Zulip Chat Archive
Stream: general
Topic: rw causes excessive memory consumption
Kevin Buzzard (May 11 2021 at 15:15):
Mathlib's ring_theory.perfection is slow. In fact I literally cannot compile it on one of my my machines -- if I am on master and I open src/ring_theory/perfection.lean and restart Lean then there is every chance I get excessive memory consumption errors. Can anyone else reproduce this? The reason we don't notice is that mathlib comes with its own olean files so we don't ever need to compile it (unless we're working on it). Even worse, if I am editing this file then the excessive memory consumption errors begin to show up more and more often, until eventually I get just into some situation where e.g. the orange bars never go away and I have to restart VS Code.
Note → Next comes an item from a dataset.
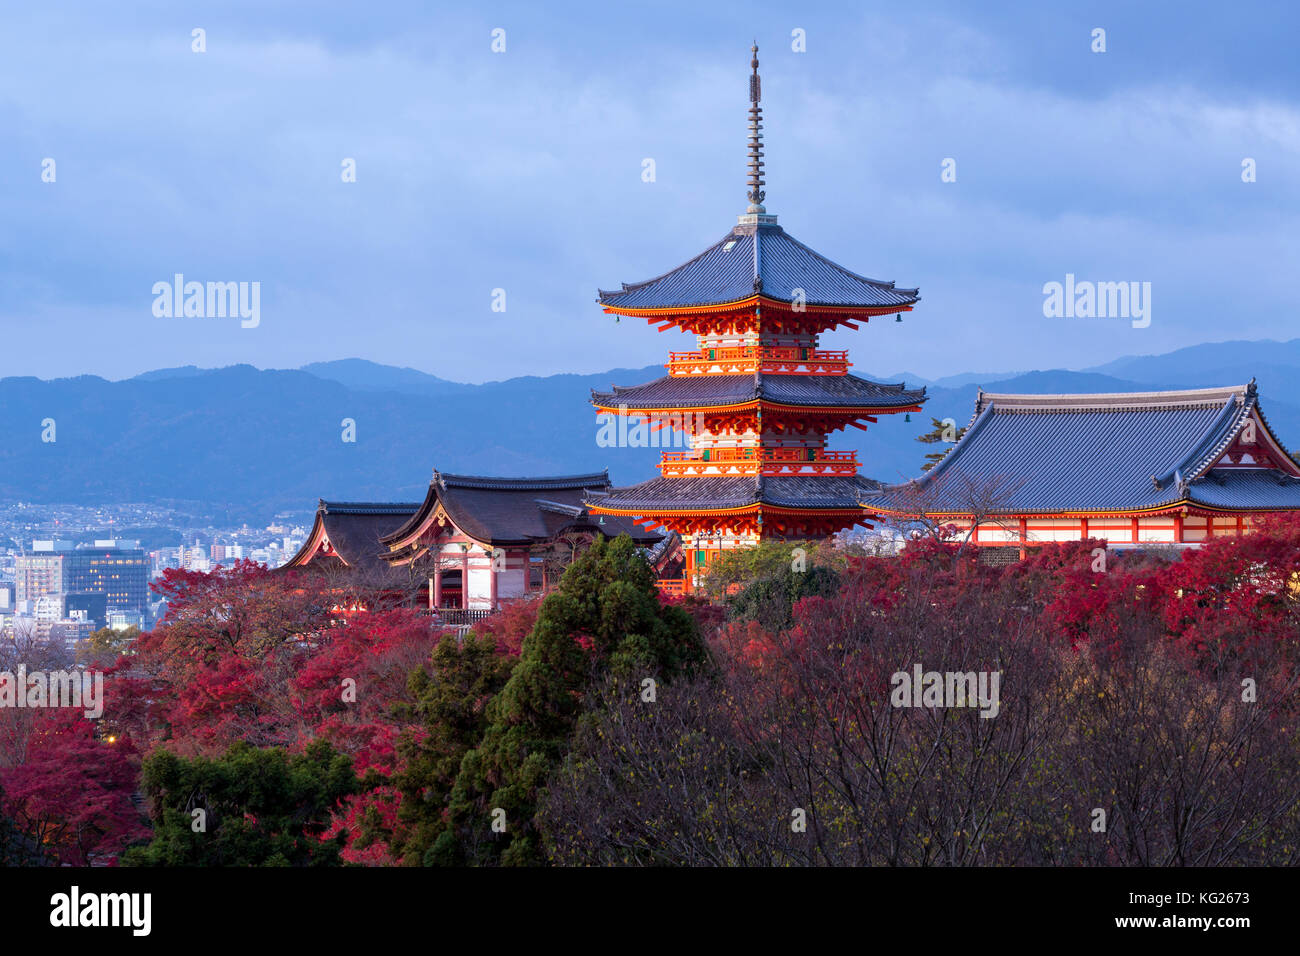 Kiyomizu-dera Tempel, Weltkulturerbe der UNESCO, Kyoto, Honshu, Japan, Asien Stockbild

I would like to know the reason for this excessive memory consumption, and I can't figure it out. I have however spent several hours on this today, and have made some progress: I've managed to isolate what I think must be the issue, and furthermore I've made it mathlib-free (this is what took most of the time; I have no idea whether it's useful but it was certainly interesting). The issue is that there are sometimes goals of the form p f = q f and mathlib has a lemma foo of the form \forall t, p t = q t but rw foo takes a very long time to decide that t = f is a good idea. If you replace rw foo with rw foo f then this saves about 1.5 to 2 seconds of time on my machine for every rewrite, and can stop Lean going over the edge into the excessive memory consumption. The reason this is a problem is that a generic user would not know to do this, because rw foo should in theory just work fine.
Someone who is a master of Lean traces might be able to work out what wrong turn rw is taking, and the fix might be as simple as making something irreducible; if we could isolate this problem then it would lead to perhaps some nice speedup in this part of the library.
Here is an example using mathlib where we can see the problem. I am simply reproving some lemmas in ring_theory.perfection, using the rewrites with and without an explicit f.
import ring_theory.perfection
universe u
set_option profiler true
-- elaboration of pth_root_frobenius_quick took 114ms
lemma pth_root_frobenius_quick {R : Type u} [comm_semiring R] {p : ℕ} [hp : fact (nat.prime p)]
[char_p R p] : (perfection.pth_root R p).comp (frobenius _ p) = ring_hom.id _ :=
ring_hom.ext $ λ f, perfection.ext $ λ n, begin
rw [ring_hom.comp_apply, ring_hom.id_apply, perfection.coeff_pth_root],
rw perfection.coeff_frobenius f --
end
-- elaboration of pth_root_frobenius_slow took 2.92s
lemma pth_root_frobenius_slow {R : Type u} [comm_semiring R] {p : ℕ} [hp : fact (nat.prime p)]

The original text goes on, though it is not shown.